Reforming the NHS, which is free at the point of use, is, apparently, another taboo. Sir Tony Blair and Gordon Brown spent years fighting over what now seem to be arcane debates about NHS structures; Mr Cameron pledged no top-down restructuring of the NHS, then noticed that his health secretary had, in fact, done a top-down restructuring of the NHS. A wholesale shift to a European-style insurance model is not taboo. It would merely be expensive, difficult and unpopular. Better to pretend something is forbidden rather than tricky or hated.

Breaking supposed taboos is cheaper than fixing the problems they shroud. Politicians speak regularly about the need to “reduce the stigma” surrounding mental health. In an interview Mr Sunak revealed that his mental disposition was improved by the family dog. At the same time, Sir Mark Rowley, head of the Metropolitan Police, said the force would no longer respond to mental-health call-outs, in a change that is part husbanding of resources and part accelerationism. Ensuring that the police and hospitals are able to cope with psychosis is expensive. Reducing the stigma is free.

So controversial, so brave

Building an imaginary taboo and then smashing it has long been a tactic of the populist fringe. “But you can’t say that!” is a line from the How To Speak Populist phrasebook. But now it is used by all wings of politics. Once influential populist parties such as the uk Independence Party may have all but died. Those politicians who played up to it, most notably Boris Johnson, have been booted out. Yet the style of politics they espoused—of enlightened voters speaking truth against the wishes of a complacent elite—lives on.
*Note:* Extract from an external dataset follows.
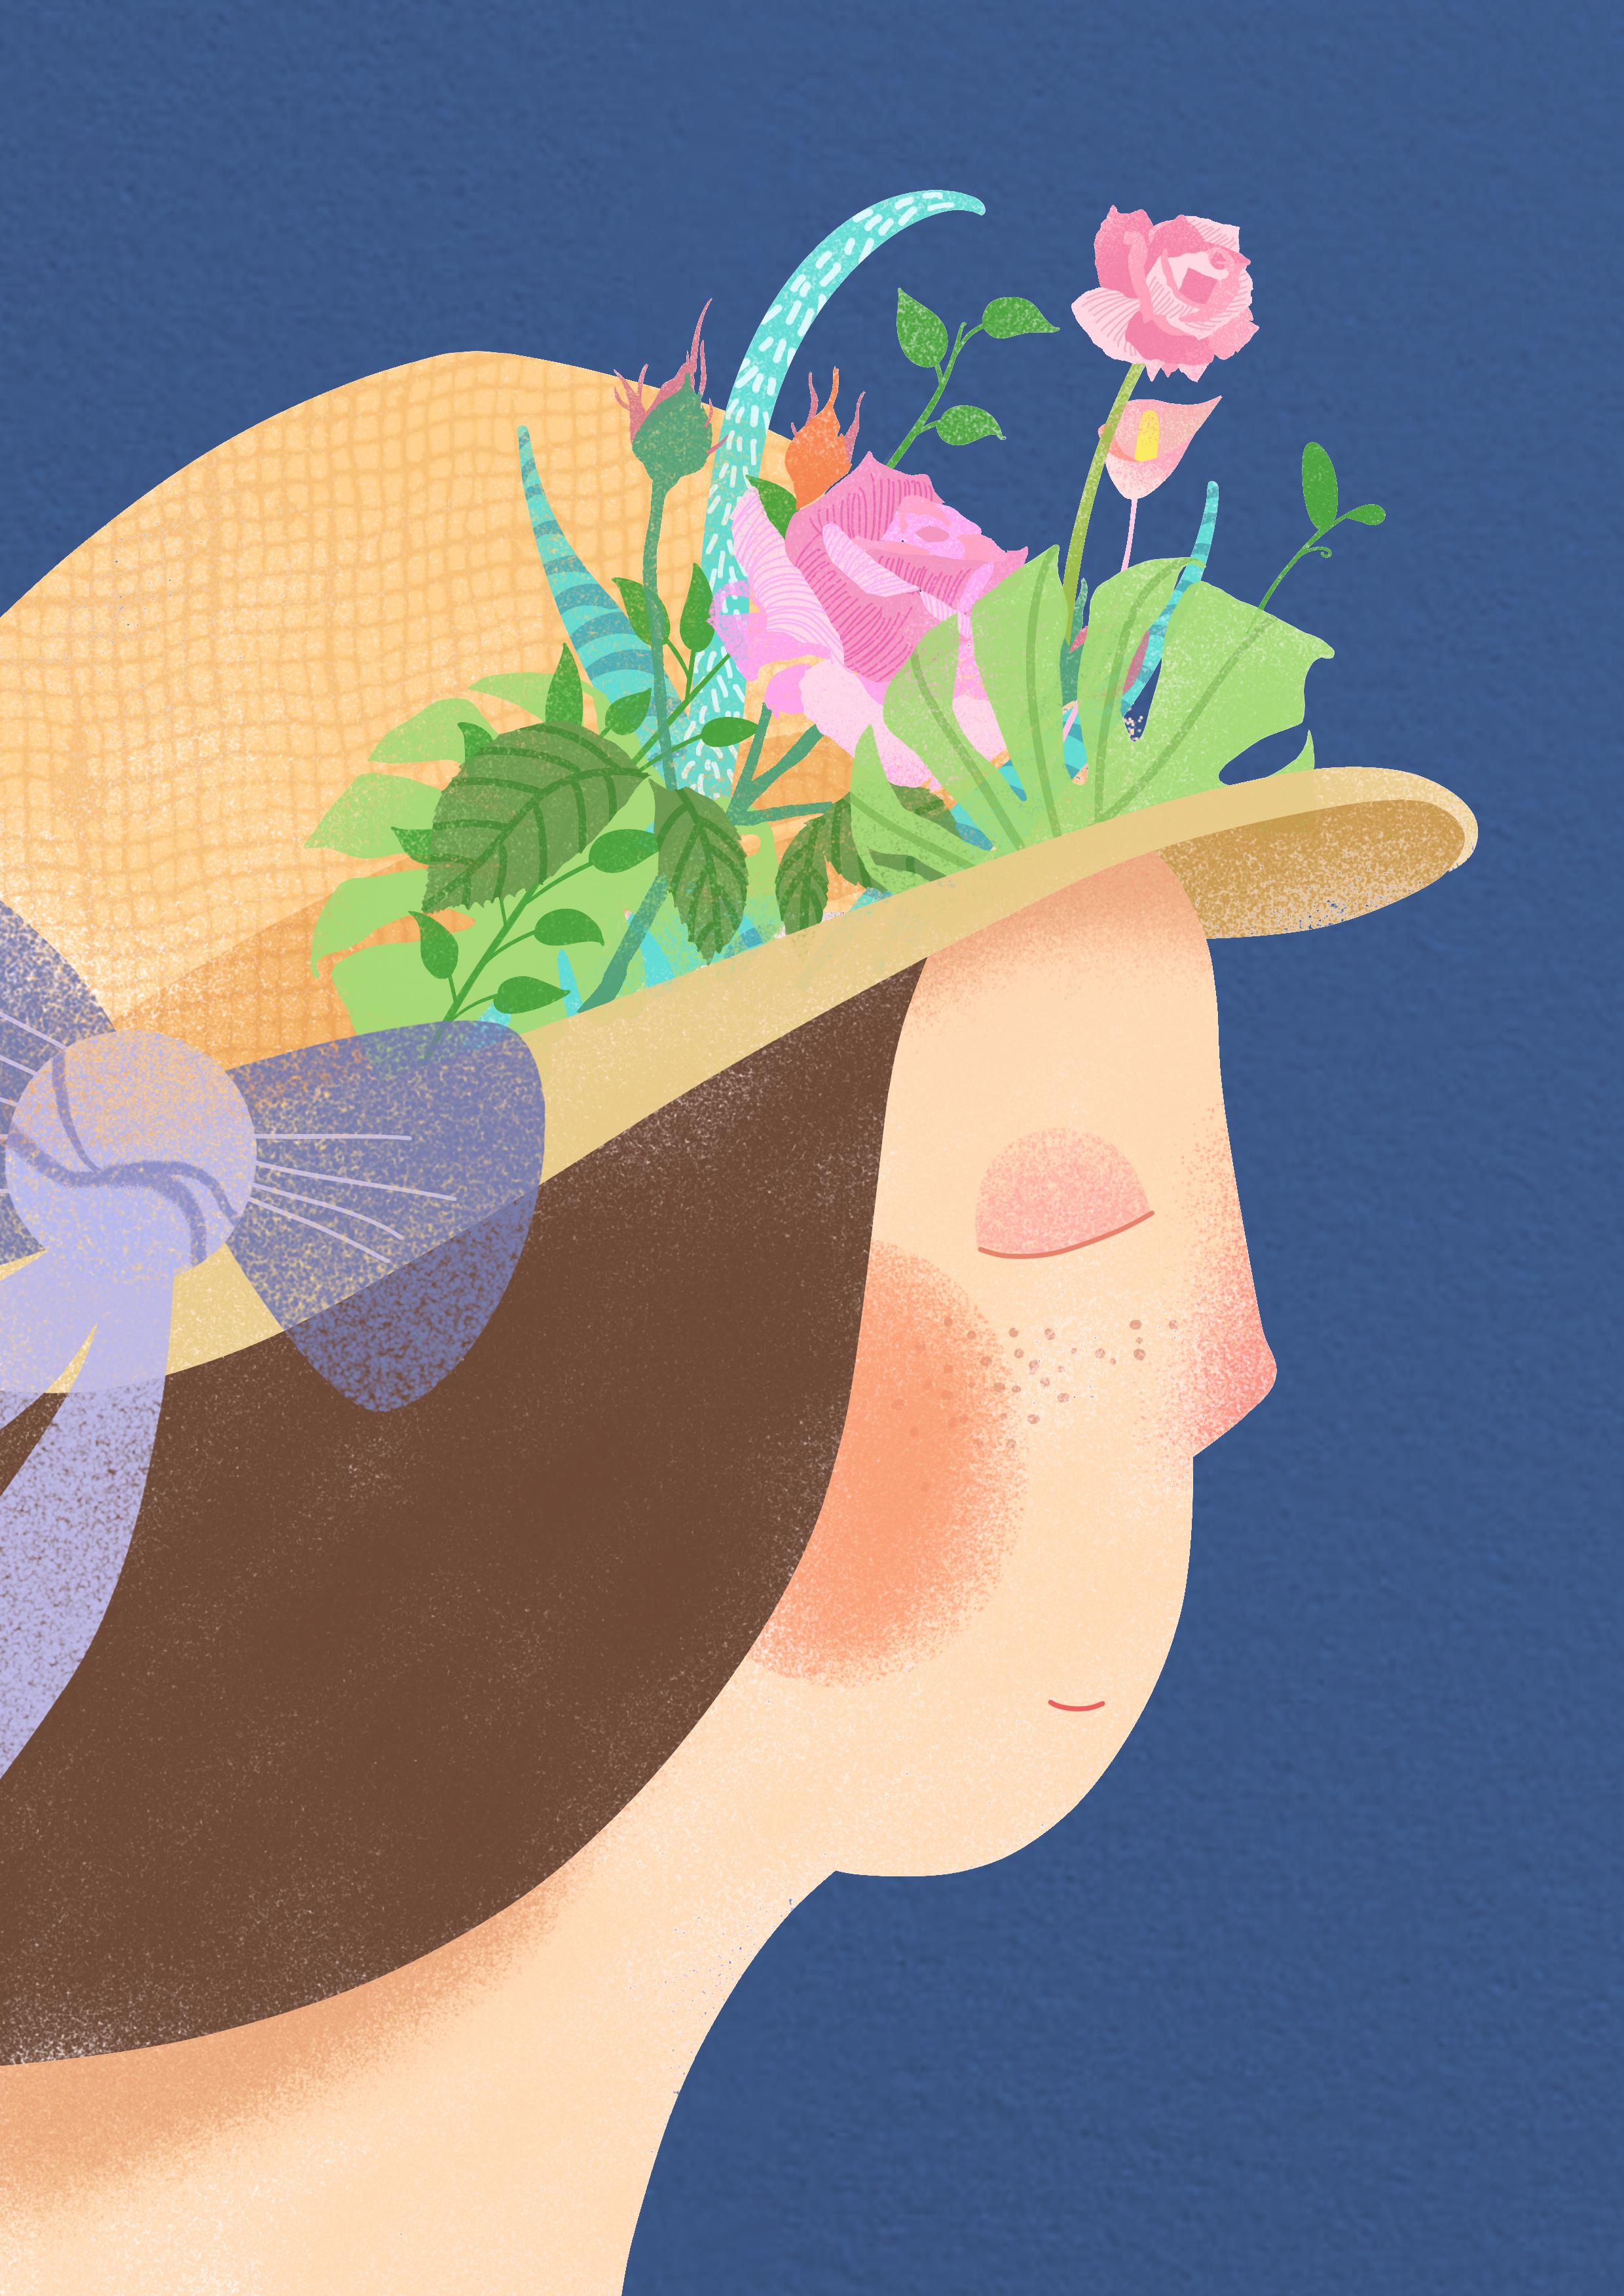 花与少女插画 原创数字手绘
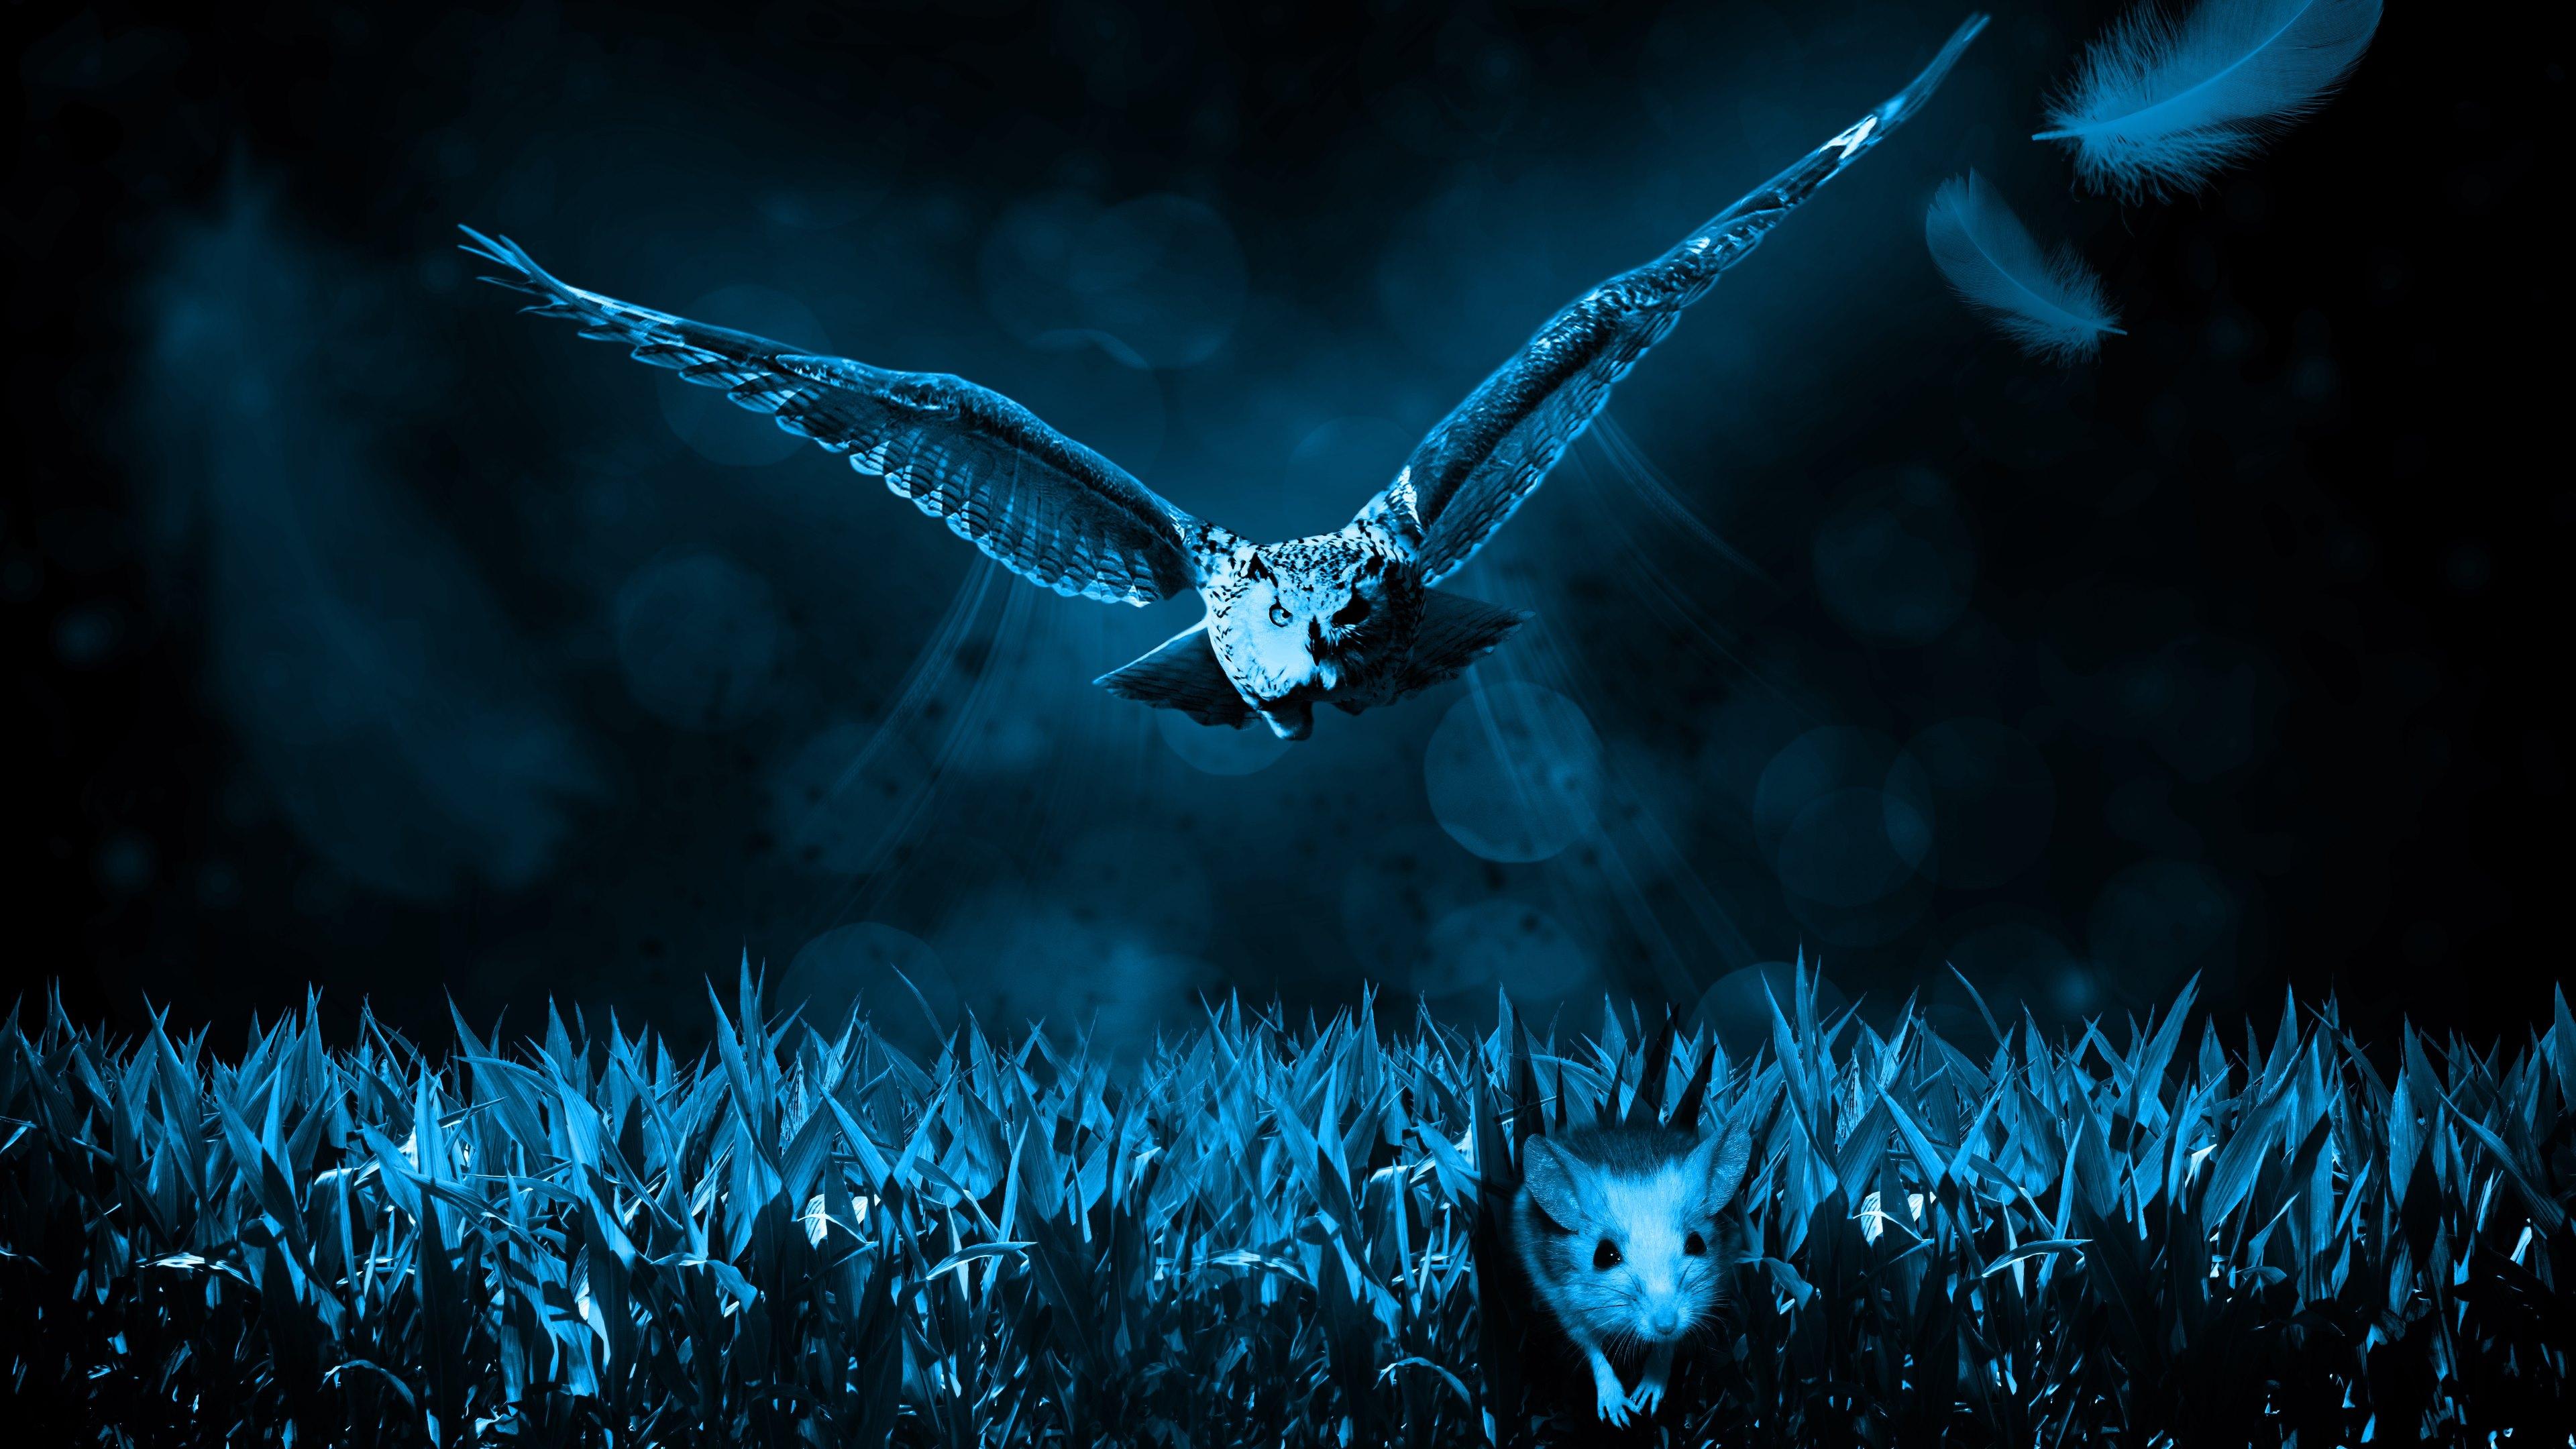 4k Owl Wallpaper Wallpapersafari

And no wonder. Transgression is enjoyable for a life-long insider, such as Lord Patten. Establishment figures can paint themselves as revolutionaries, daring to speak truth to power. Even the tamest of events, such as attending a pro-EU rally, enjoy an added frisson if an idea is, supposedly, forbidden. Middle-of-the-road ideas —“Brexit is not going well, is it?”—can be laundered as thrillingly transgressive. Why let populists have all the fun?